Key words: Jukovski, Turkey's Agriculture, Soviet Union.

Giriş:

Sovyetler Birliği, genç Türkiye Cumhuriyeti ile özellikle 1925-1933 yılları arasında çok sayıda kültürel ve bilimsel ilişki kurmuş, karşılıklı olarak kültür ve bilim heyetleri bazen uzun süren ziyaretler yapmışlardır.  Tarım alanında da kurulan bu ilişkiler ve işbirliği çerçevesinde 1925’de dönemin Ziraat Vekili Mehmet Sabri Toprak, oldukça uzun sayılabilecek (46 gün)  Sovyetler Birliği tarımını inceleme gezisine çıkmış, dönünce gördüklerini raporlamıştır. Gezi sadece Rusya, Ukrayna topraklarını değil, Kafkasya cumhuriyetlerini de içeriyordu. Gezide bilimsel kuruluşlar, kooperatifler, sendikalar, tarımsal işletmeler, tarım eğitimi veren kurumlar gibi tarım ile ilgili çok sayıda kuruluş, ormancılık ile ilgili birimler ve botanik bahçeleri ziyaret edilmiş, daha sonrası için ilişki kurulmuştur. Örneğin bu ziyaretin arkasından atların ve diğer çiftlik hayvanlarının suni döllenme çalışmaları için Sovyetlerden uzmanlar gelmiştir. M.S. Toprak’ın Sovyetler Birliği izlenimleri o dönem Cumhuriyet gazetesinde yayınlanmıştır (Küçük, 2018; Yıldırım, 2008).
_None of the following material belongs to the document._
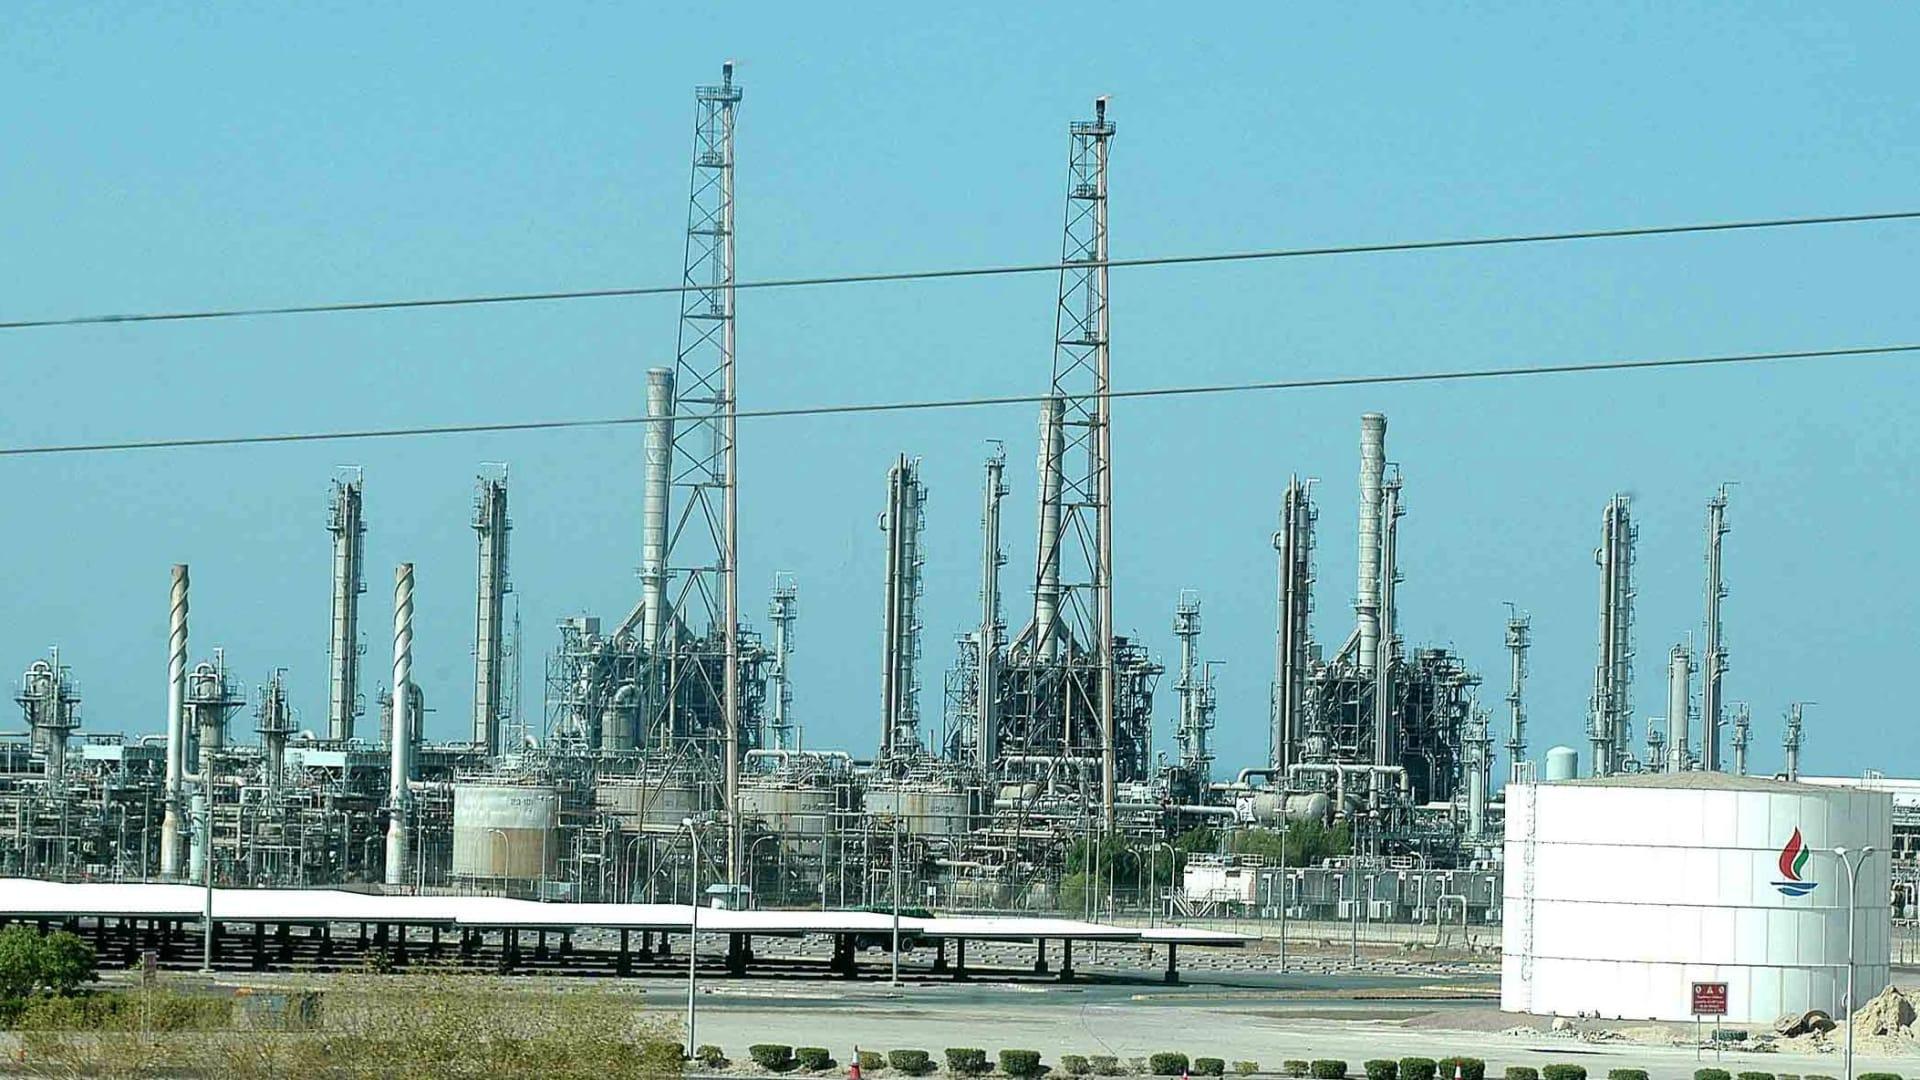 نظرة عامة تظهر مصفاة النفط الرئيسية في الكويت في الأحمدي 1 أغسطس 2005.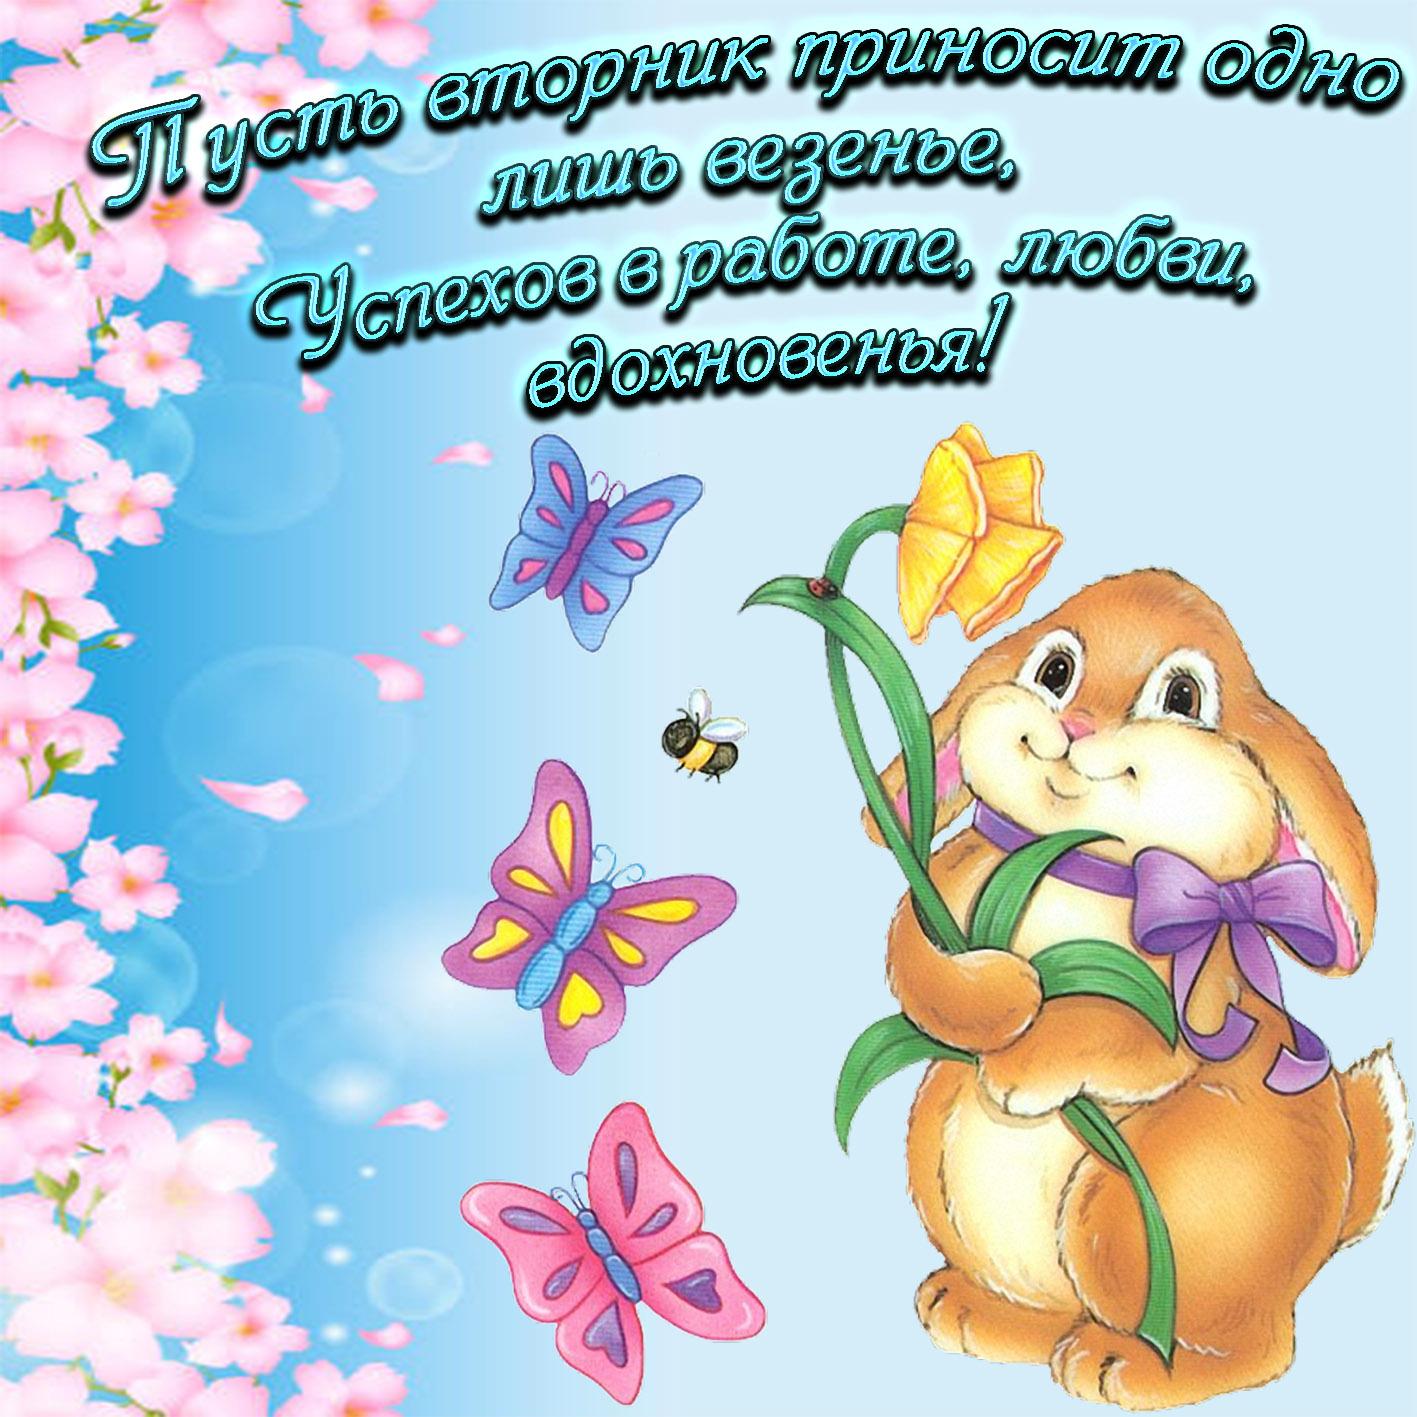 Зайка с цветочком и пожелание на вторник

Diğer çok önemli çalışma ise 1925-1927 yılları arasında üç ayrı aşamada Sovyet bilim insanları tarafından Anadolu’da yapılan tarım araştırmasıdır. Anadolu tarım bitkilerinin biyoçeşitliliğini inceleyen bu çalışma çok önemli bilgiler içerdiği halde zaman içinde unutulmuş, daha sonra değişik nedenlerle gerekli önem verilmemiştir. Yazımızın konusu bu çalışma ve çalışmanın ürünü olan kitaptır. Birçok ülke ve bölgede süren büyük bir araştırmanın Türkiye bölümü olan çalışmada Anadolu’nun tarım bitkileri, coğrafi özellikleri ile birlikte en ince detaylarına kadar incelenmiş,  dönemin ekolojik coğrafyası bölge bölge anlatılmıştır. Zamanın teknolojisiyle de olsa fotoğraf, bazen de el çizimleriyle desteklenen bu eşsiz çalışma ve ürünü olan kitap aslında Sovyetlerin devrimden hemen sonra başlattığı bilimsel ekolojik çalışmaların bir ürünüdür. Çalışmalar, Leningrad’daki dünyaca ünlü, sonradan Vavilov Enstitüsü ismini alacak Enstitü tarafından yönetildi. Bu büyük projenin koordinatörü Vavilov’du ve Türkiye’ye gelen ekibin başında Jukovski vardı.[1]

Daha sonra bu çalışma Anadolu’nun Tarımı ya da Türkiye’nin Tarımı başlığı altında kitaplaştırıldı. 1933’de Moskova’da Rusça olarak basılan kitap (Jikovski, 1933), eksik bölümleriyle birlikte 1951’de Türkçe olarak  Türkiye’nin Ziraî Bünyesiismiyle basılmıştır (Türkiye’nin Zirai Bünyesi, 1951). Her iki kitabında da bilindiği kadarıyla ikinci baskısı yapılmamış, Türkçe kaynaklarda da çok az sözü edilmiştir. Konunun değerlendirilmesinin önemi 2018’de Bilim ve Gelecek Dergisinde çıkan bir yazıda vurgulanmıştır (Güner, 2018).


Şekil 1: 1933’de Moskova’da basılan Türkiye’nin Tarımı kitabının kapağı

Şekil 2: Kitabın Fransızca basılan iç kapağı

Şekil 3: Kitabın Türkçe tercümesi : Türkiyenin Zirai Bünyesi, 1951.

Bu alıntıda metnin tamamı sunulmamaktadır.